21:17 <geist> Chaebol

21:17 <mrvn> Did they split it up so it isn't a monopoly?

21:17 <geist> 재벌

21:18 <mrvn> c7ac bc8c?

21:18 <heat> even then, they use qualcomm for NA and exynos for rest-of-world. what's the point?

21:18 * geist shrugs

21:18 <heat> I thought they actually did do CPU design stuff and they were trying to, you know, build a nice CPU core

21:18 <zid> Yea korea is weeeird, japan mostly broke up the zaibatsus

21:18 <geist> they did, and then they decided to stop doing it

21:18 <geist> i was dissapoint to, to be honest

21:18 <zid> but korea is still "yea your house, shoes, air and water are all owned by samsung, deal with it"

21:18 <mrvn> heat: don't try, do.

21:18 <geist> but probably like qualcomm they decided it was too expensive to pay these cpu designers, so they stopped and laid them off

21:19 <geist> and so they dont have the expertise

21:19 <gorgonical> zid: they did, but there's still echoes of that system in japan. banks give companies like sony 0.1% loans or whatever

21:19 <zid> well yea

21:19 <gorgonical> it is certainly not as aggressively integrated as the zaibatsu were though, to be sure

21:19 <geist> yah as far as i know the samsung and hyundai and whatnot in SK still pretty much run the show

21:20 <heat> praise big corp

21:20 <zid> korea is living the amazon dream

21:20 <gorgonical> please deliver us to our cyberpunk dystopian dream

21:20 <geist> oh LG too

21:20 <zid> of having everything owned by amazon and having to drink your verfication can

21:20 <heat> when do we start having sponsored IRC messages? - this message was sponsored by raycon

21:20 <mrvn> gorgonical: do you really want to have an oxygen bill every month?

21:20 <zid> Click this message to recover trace amounts of paperclips.

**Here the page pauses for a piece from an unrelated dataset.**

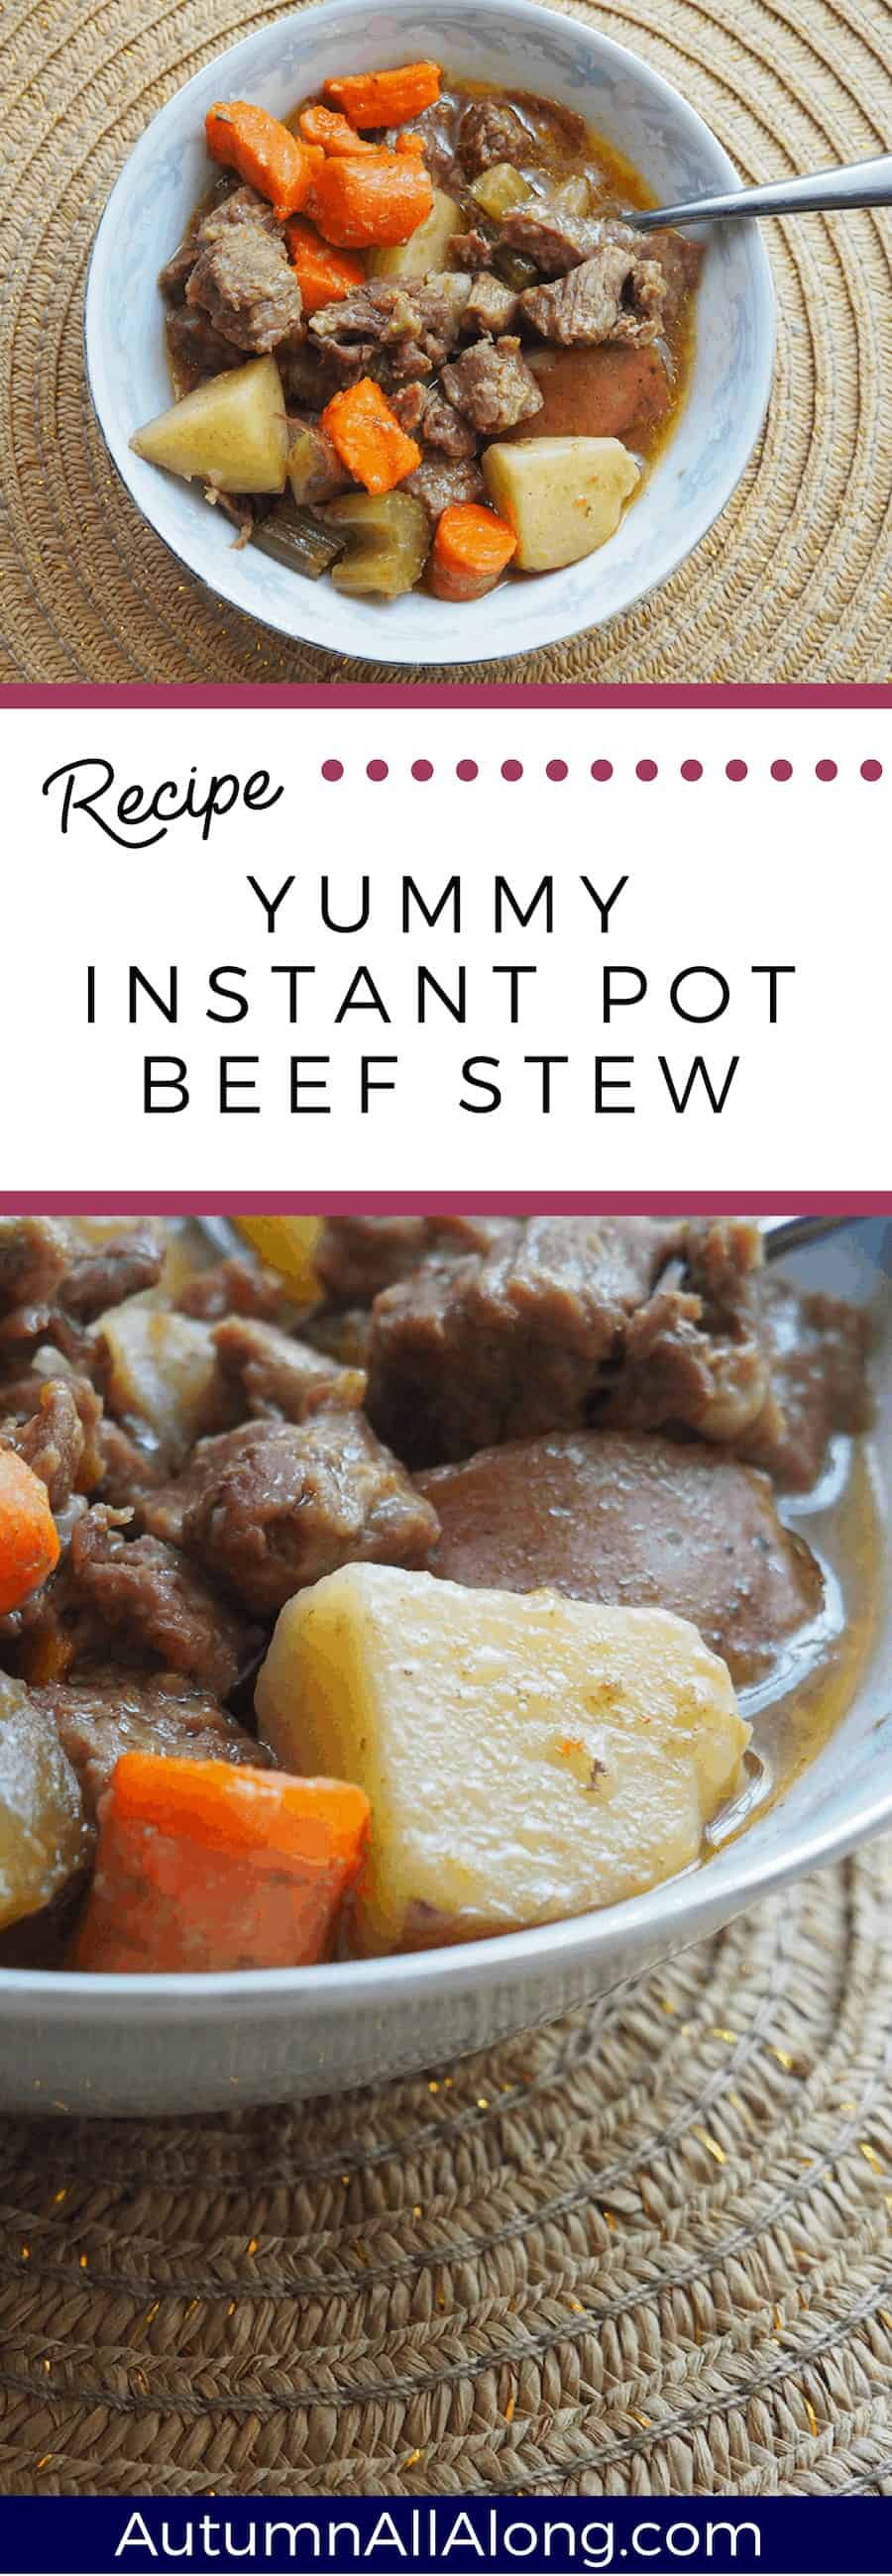 This delicious instant pot beef stew recipe is fast, delicious, and takes under 45 minutes from start to finish! | via Autumn All Along
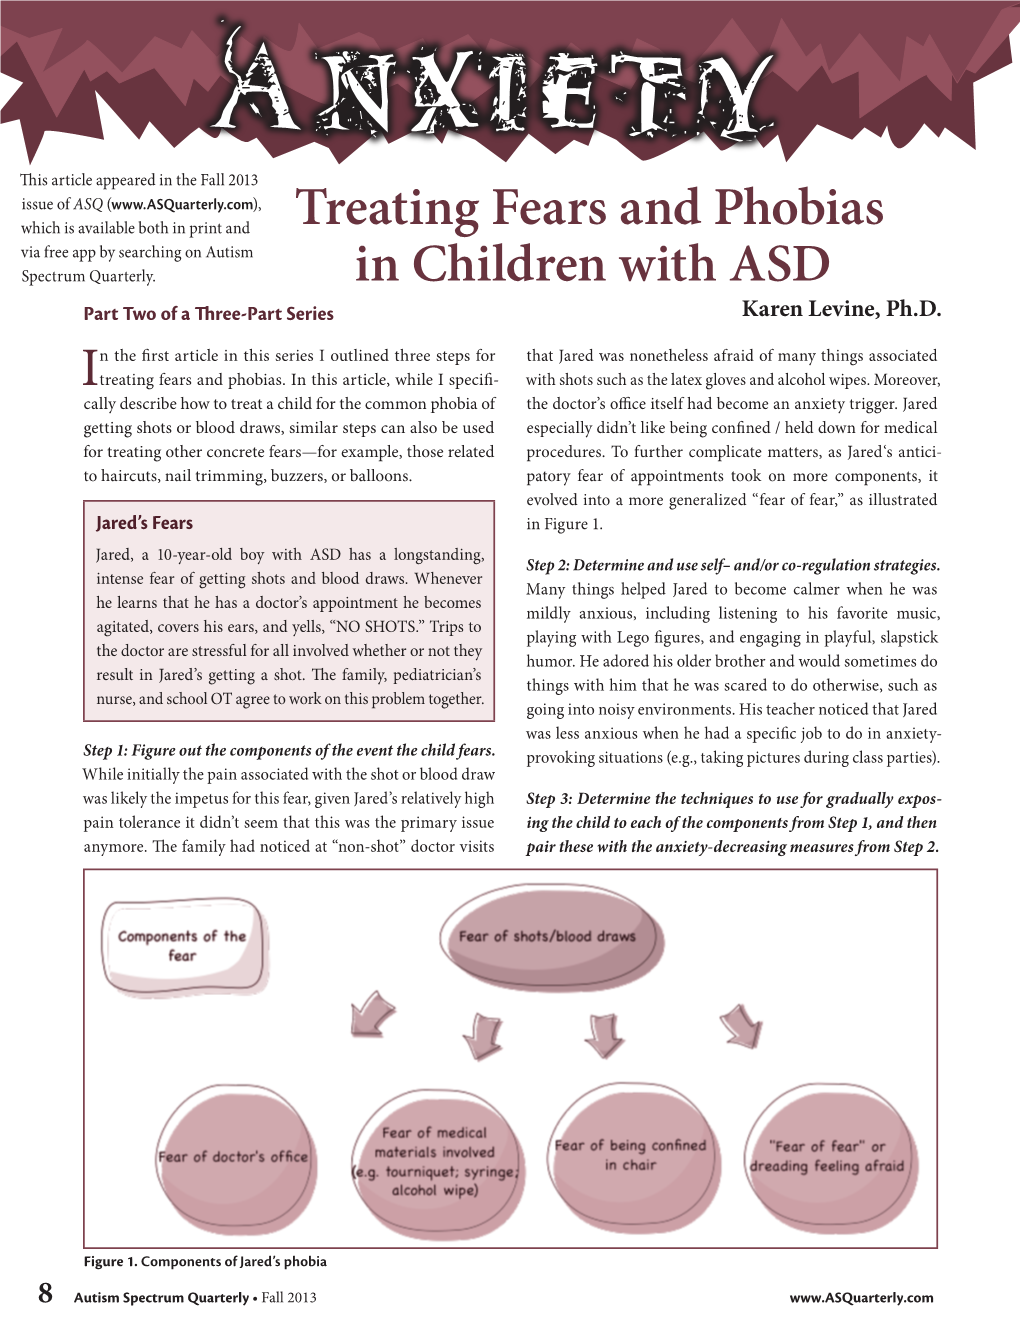 Treating Fears and Phobias in Children With

21:21 <gorgonical> if the invisible hand of the free market will improve the quality of oxygen available

21:21 <gorgonical> then yes

21:21 <gorgonical> no price is too high

21:21 <geist> this is getting pretty Phillip K Dickian

21:21 <mrvn> gorgonical: now with 5% more O in the O2 atoms.

21:22 <heat> btw https://en.wikipedia.org/wiki/Sheriff_(company)

21:22 <heat> "Sheriff has grown to include nearly all forms of profitable private business in the unrecognised country, and has even become significantly involved in local politics and sport,[2] with some commentators saying that company loyalists hold most main government positions in the territory"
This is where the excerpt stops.